_RECORDS FOR THIS EXERCISE:_
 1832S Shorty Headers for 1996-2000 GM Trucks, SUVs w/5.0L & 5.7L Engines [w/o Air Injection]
---
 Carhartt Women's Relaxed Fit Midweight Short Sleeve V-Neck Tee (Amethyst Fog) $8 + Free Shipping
* * *
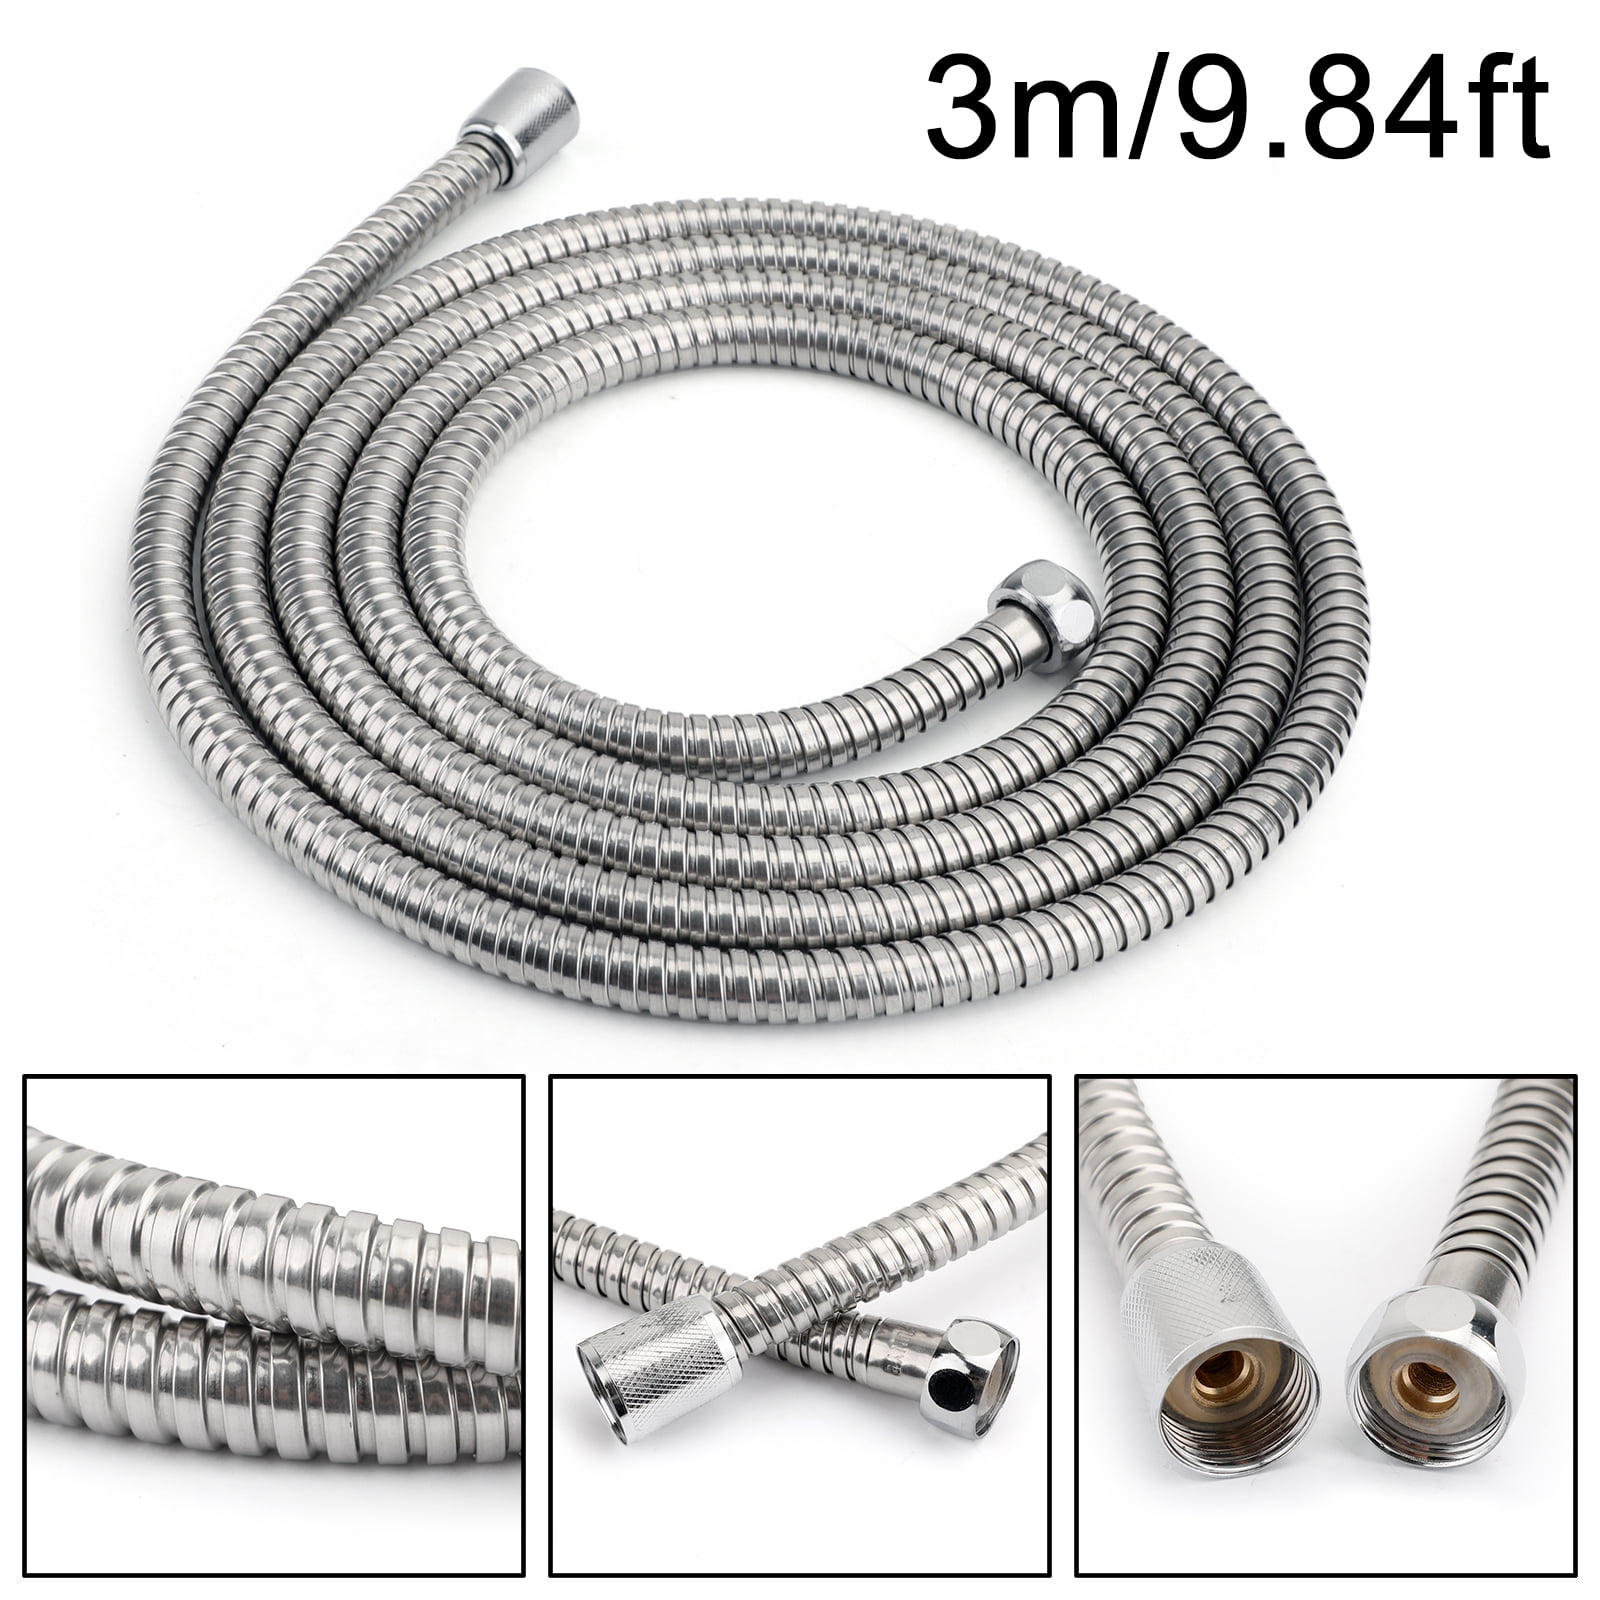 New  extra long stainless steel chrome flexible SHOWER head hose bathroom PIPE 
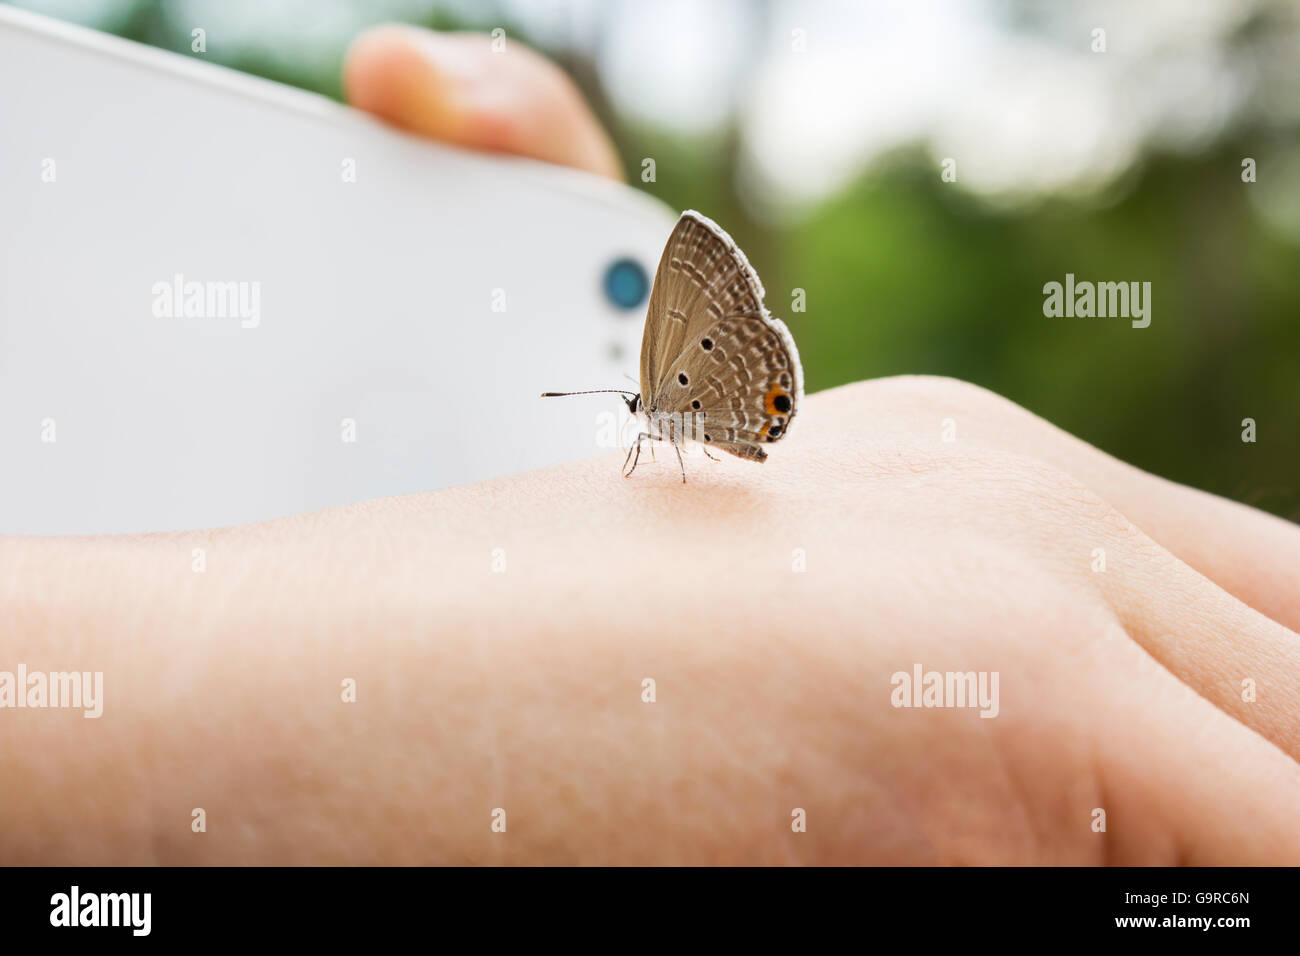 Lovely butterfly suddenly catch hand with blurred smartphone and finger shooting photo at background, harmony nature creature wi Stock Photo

_TASK DETAILS:_
Your answer should be the exact lines above from the one containing "hose bathroom PIPE" through the one containing "Lovely butterfly suddenly", with both end lines kept and the pictures removed, please.

_RESULT OF THIS TASK:_
 New  extra long stainless steel chrome flexible SHOWER head hose bathroom PIPE 
 Lovely butterfly suddenly catch hand with blurred smartphone and finger shooting photo at background, harmony nature creature wi Stock Photo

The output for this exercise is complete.